TFT

SQL Diff Tool - Compare & Find Differences

Compare two SQL scripts or database schemas to instantly see differences. This diff tool highlights changes in tables, columns, constraints, and queries, perfect for code reviews.

SQL Diff Checker

Compare two SQL queries or schemas and highlight the differences.

How It Works

This SQL diff tool compares two SQL scripts or database schemas side-by-side, highlighting exactly what changed between versions - added tables, modified columns, altered queries.

The comparison process:

  1. Input preparation: Paste or upload two SQL files - the original version and the modified version you want to compare.
  2. Structural parsing: Both SQL scripts are parsed to understand their structure (tables, columns, constraints, queries).
  3. Difference detection: The tool identifies additions (green), deletions (red), and modifications (yellow) between the two versions.
  4. Visual presentation: Changes are displayed in a side-by-side or unified diff view, making it easy to see what changed.

Tracking SQL changes is essential for version control, code reviews, database migrations, and understanding what changed between application versions or database schema updates.

When You'd Actually Use This

Database Migration Reviews

Compare schema versions before and after migrations to verify all expected changes were applied.

Code Review Process

Review SQL changes in pull requests by comparing the original and modified query files.

Schema Version Control

Track changes to database schemas over time by comparing successive versions.

Debugging Production Issues

Compare working vs. broken SQL scripts to identify what change caused the problem.

Documentation Updates

Generate change logs by documenting differences between schema versions.

Team Collaboration

When multiple developers modify SQL files, compare versions to identify and resolve conflicts.

What to Know Before Using

Formatting differences may show as changes

Whitespace, indentation, and keyword case differences appear as changes. Use SQL formatter on both files first for cleaner diffs.

Semantic changes may not be detected

The tool shows textual differences. Logically equivalent but textually different queries (SELECT * vs SELECT col1, col2) show as complete changes.

Large files may be slow to compare

Very large SQL files (thousands of lines) may take time to process. Consider comparing specific sections for large schemas.

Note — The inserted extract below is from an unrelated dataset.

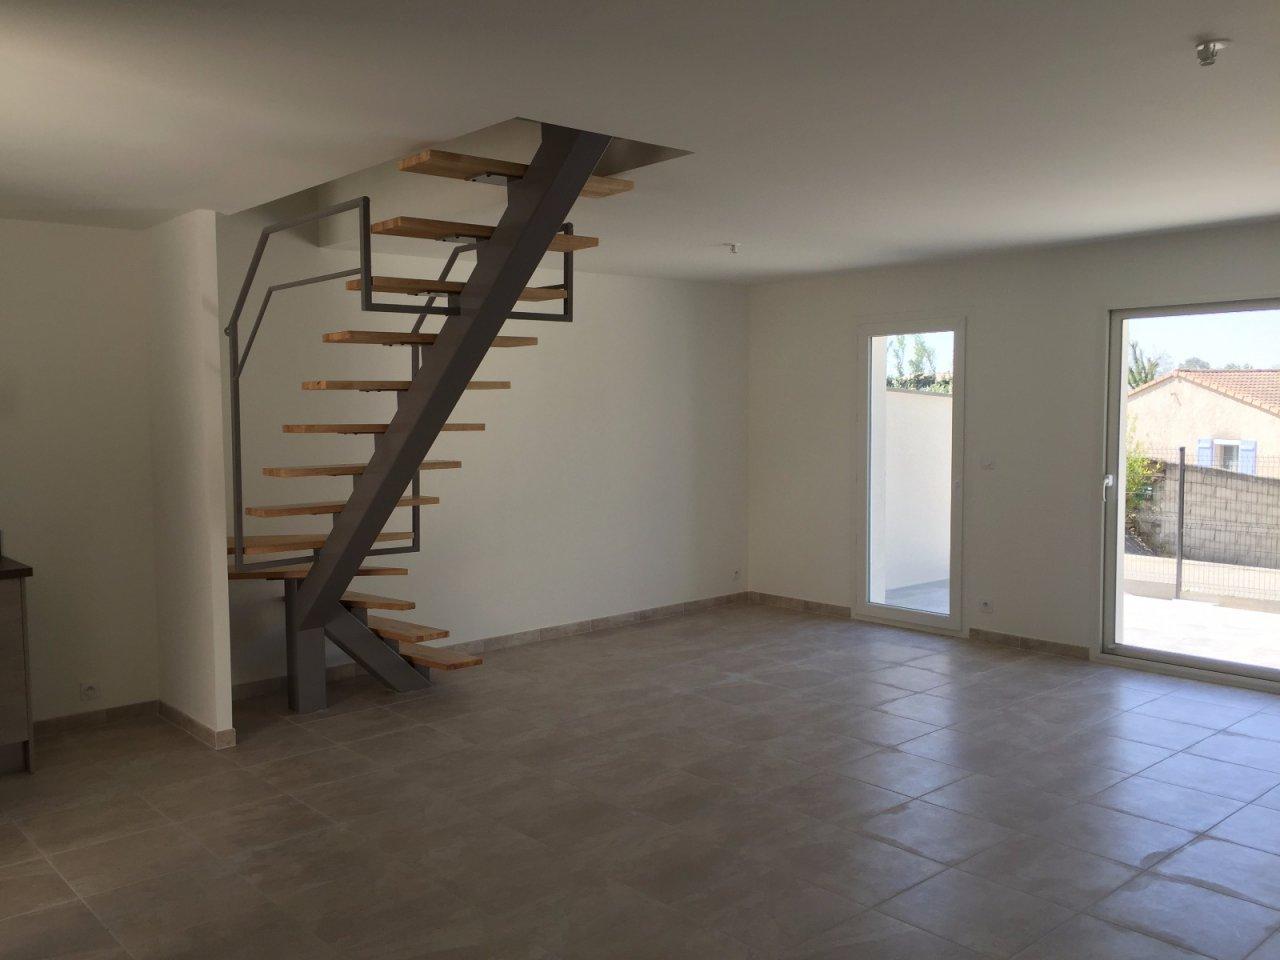 Location maison/villa 4 pièces piolenc 84420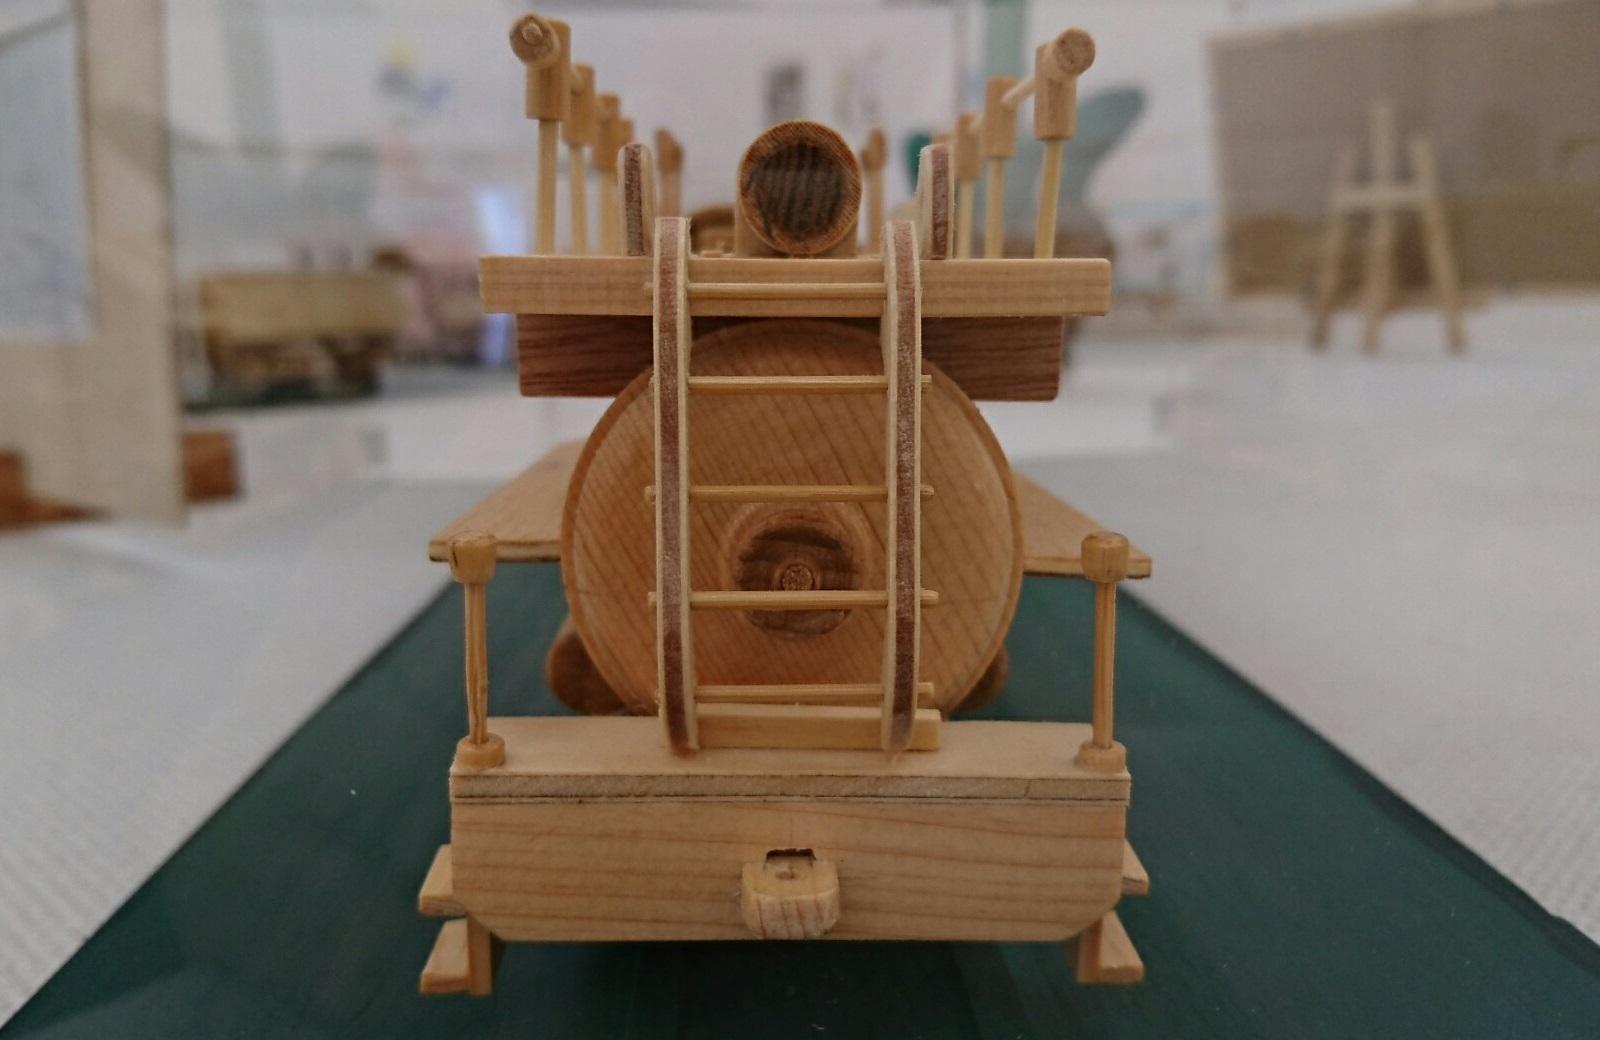 2018.3.24 木工細工蒸気機関車作品展 (8) ブリキのおもちゃ X-324 1600-1040

Order matters for some comparisons

Table column order, constraint order, etc. may show as differences even if logically equivalent. Focus on meaningful changes.

Comments are compared too

Changes to comments show up in the diff. This is useful for documentation tracking but may add noise to structural comparisons.

Common Questions

What's the difference between text diff and schema diff?

Text diff compares raw SQL text. Schema diff understands database structure and can detect equivalent changes (renamed columns, reordered constraints). This tool does text-based diff.

Can I compare schemas from different databases?

Yes, but syntax differences between MySQL, PostgreSQL, SQL Server, etc. will show as many changes. Best for comparing same-dialect versions.

How do I ignore formatting changes?

Run both SQL files through a formatter first to normalize indentation and spacing. Then compare the formatted outputs.

Can this generate migration scripts?

This tool shows differences but doesn't generate ALTER TABLE statements. Use dedicated schema comparison tools for automatic migration generation.

What file formats are supported?

Any text-based SQL files work: .sql, .txt, or pasted SQL text. Binary database files need to be exported to SQL first.

How do I compare live database schemas?

Export both database schemas to SQL (using mysqldump, pg_dump, etc.), then compare the exported SQL files with this tool.

Can I save or export the diff results?

Copy the diff output or take a screenshot. Some tools offer export to HTML, PDF, or patch file formats for documentation.